Nene Pimentel's singular act in 2016 was meant perhaps to reconcile the Marcos and Cory forces — "the yellow and the red." Duterte, the Yellow's prodigal son, could have engineered the ultimate reconciliation, ending the enmity that began with Ninoy Aquino's assassination. Things proved otherwise. The man failed to discern destiny's path.

An ongoing storyline

This 2022 presidential election marks a twist in this narrative. The once formidable ideologically driven PDP-Laban from Mindanao, forged in the anvil of the dark martial law years, and championing the ascendancy of the Yellow forces of Cory in 1986, in hindsight may have drawn a "compact with the devil" in 2016.

It is a given that PDP-Laban benefited, imbibing the fruits of their investment in Duterte — cabinet posts, undersecretary/assistant secretary posts in the bureaucracy, sinecures, government corporate seats and pelf. In return, they needed to surrender something — their ideological soul.

The PDP-Laban has split and now competes for the same political space that Cory's Yellow forces and Nene Pimentel sacrificed for. The rest of this narrative has yet to produce an appropriate ending.

Current political scenario

President Duterte's idea of running for VP under Sen. Bong Go was a ludicrous impulse. Now he's putting the senator in his stead leaving the presidential post vacant. And his spineless PDP-Laban faction is compliant. His motives were largely seen as mundane and pedestrian. For one, it was perceived as a desperate move by a despot longing for continued relevance, avoiding being a lame duck. Perhaps this International Criminal Court (ICC) "crimes against humanity" hanging over his head unravels the fiction that the illegal drug problem in the Philippines has been solved. The long arm of justice could still catch up with him.

I wrote before that the daughter will have to run as president, and she could win. She could protect the father in many ways, particularly from the long arm of international law — the ICC. But then again, she could lose.
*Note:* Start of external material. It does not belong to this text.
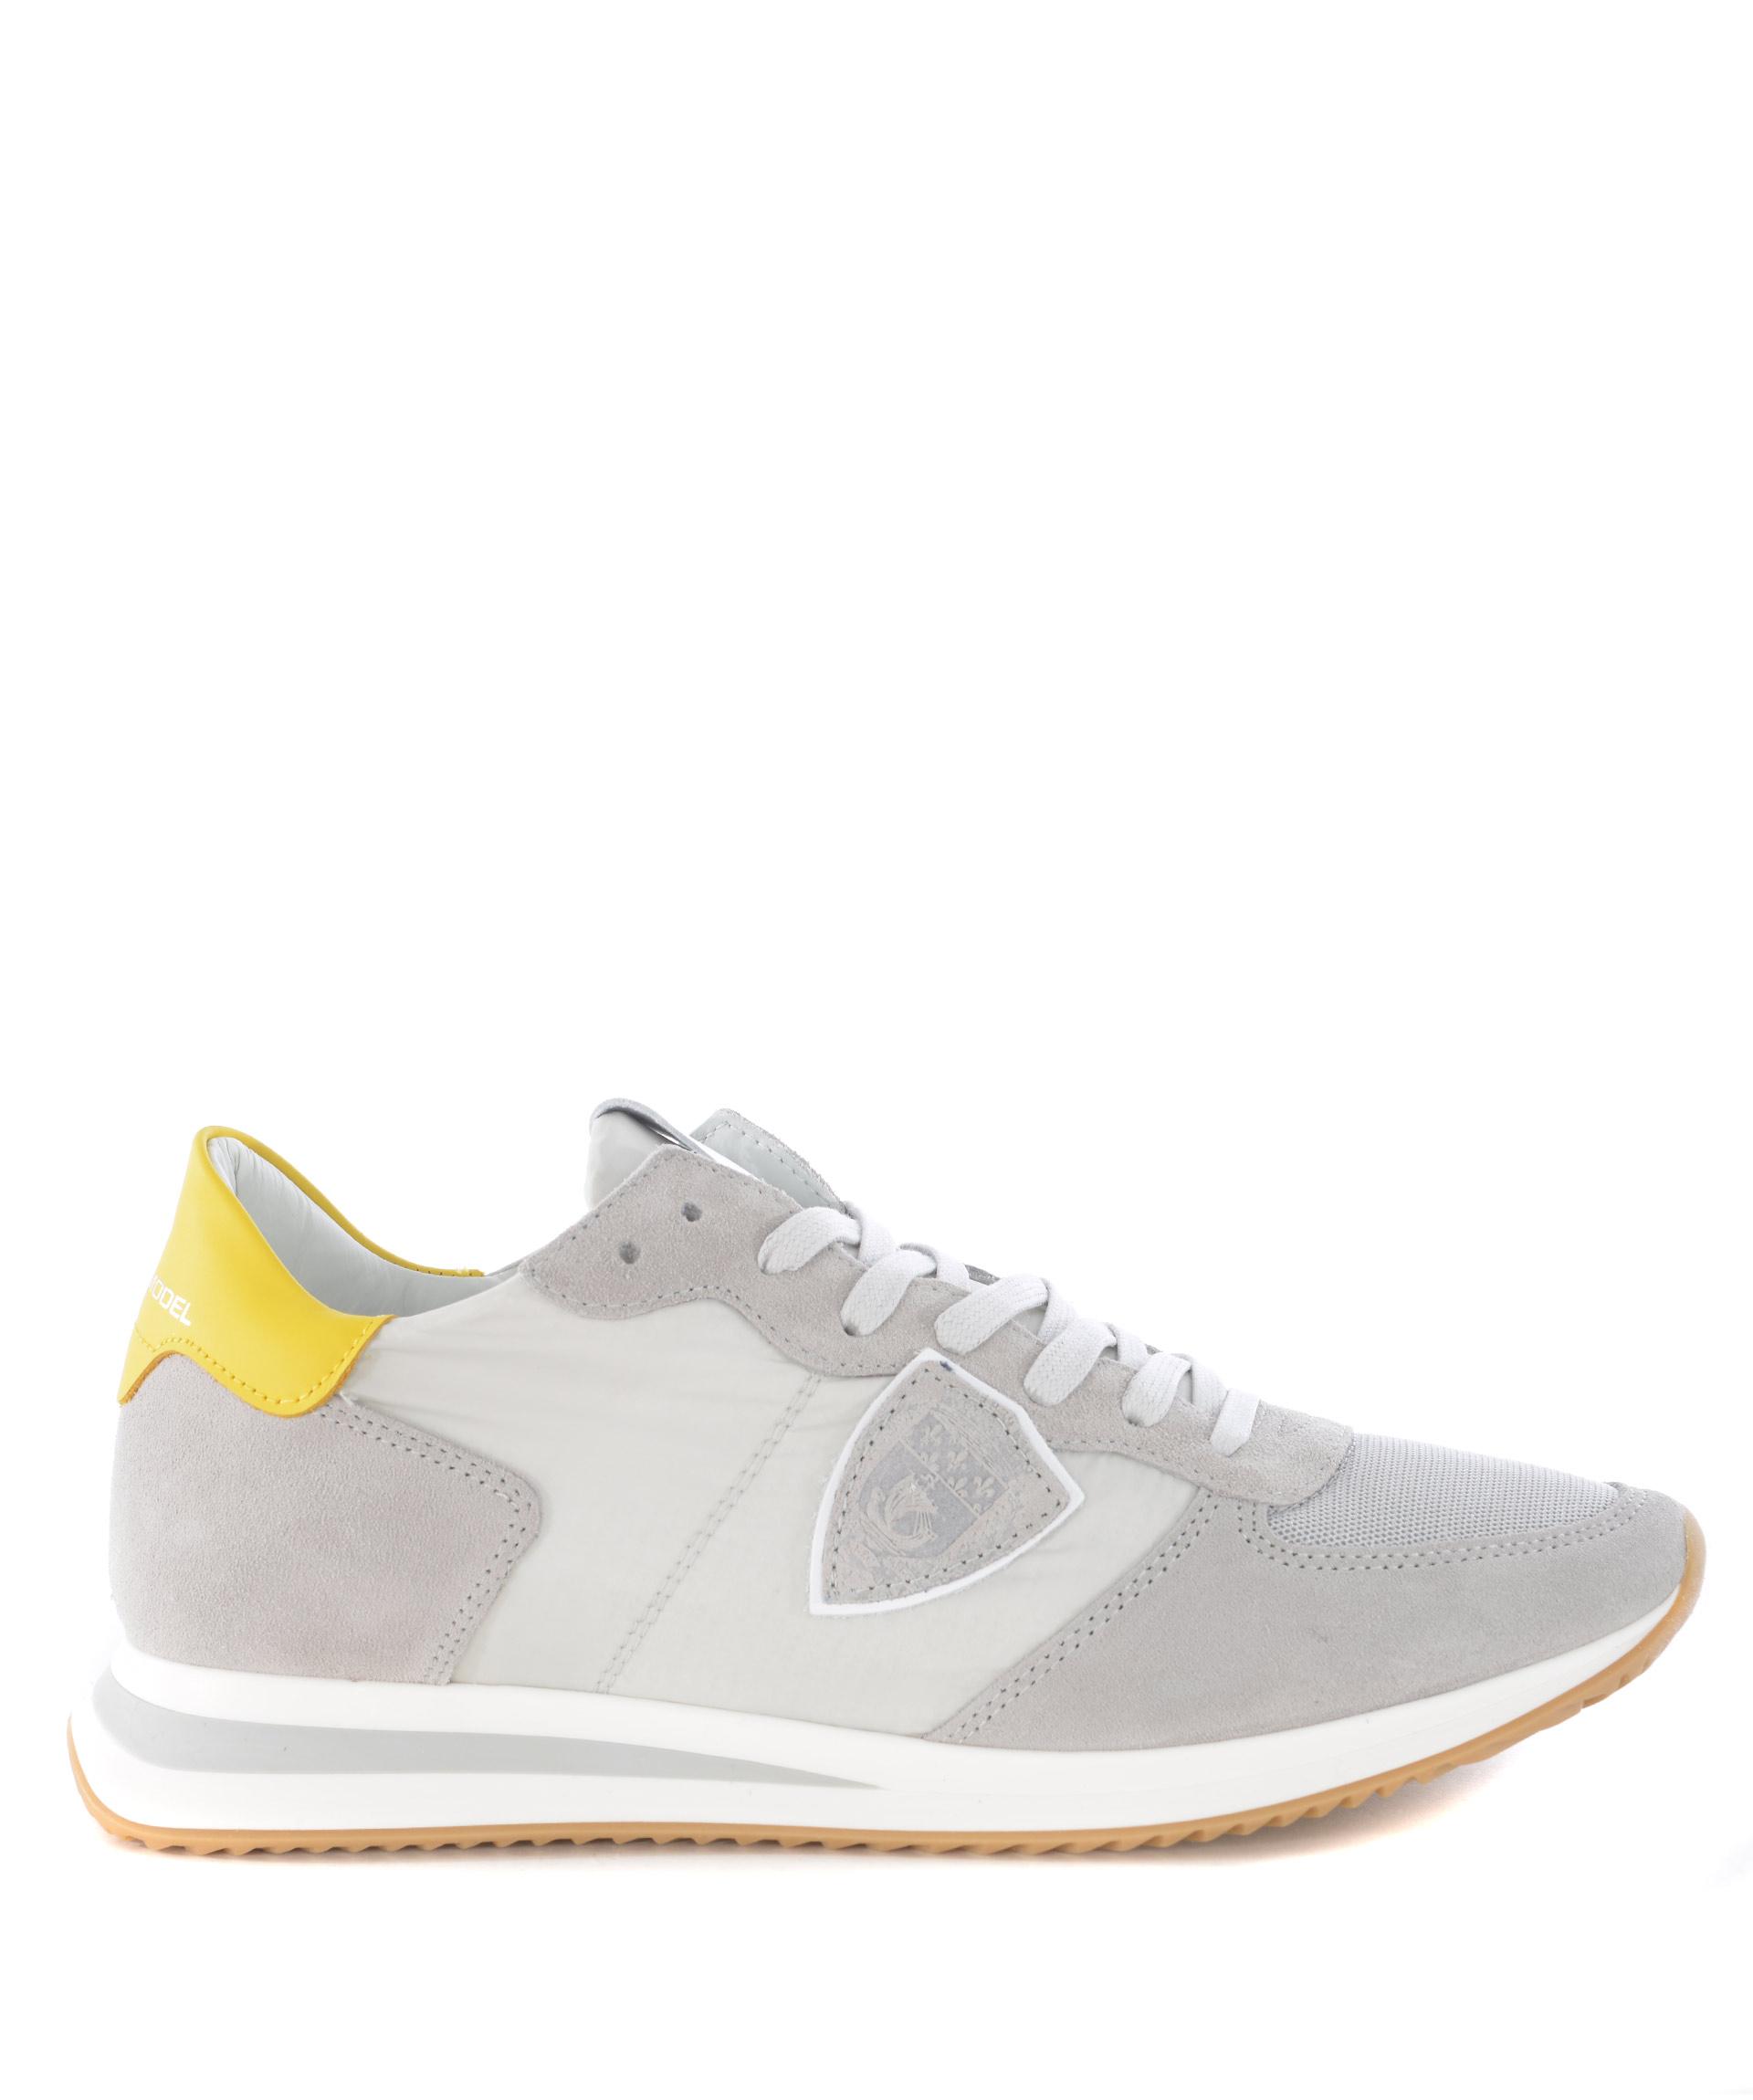 Sneakers uomo Philippe Model trpx low

But more deadly, this election could also see the replay of an old conflict, between the Marcos forces, buttressed by the DDS, on the one hand, versus the old anti-martial law coalition given fresh motivation by the break-up of the PDP-Laban.

Or the Marcos and DDS may even go their separate ways now that a different Duterte could be in the driver's seat.

The permutations are endless. We live in interesting times!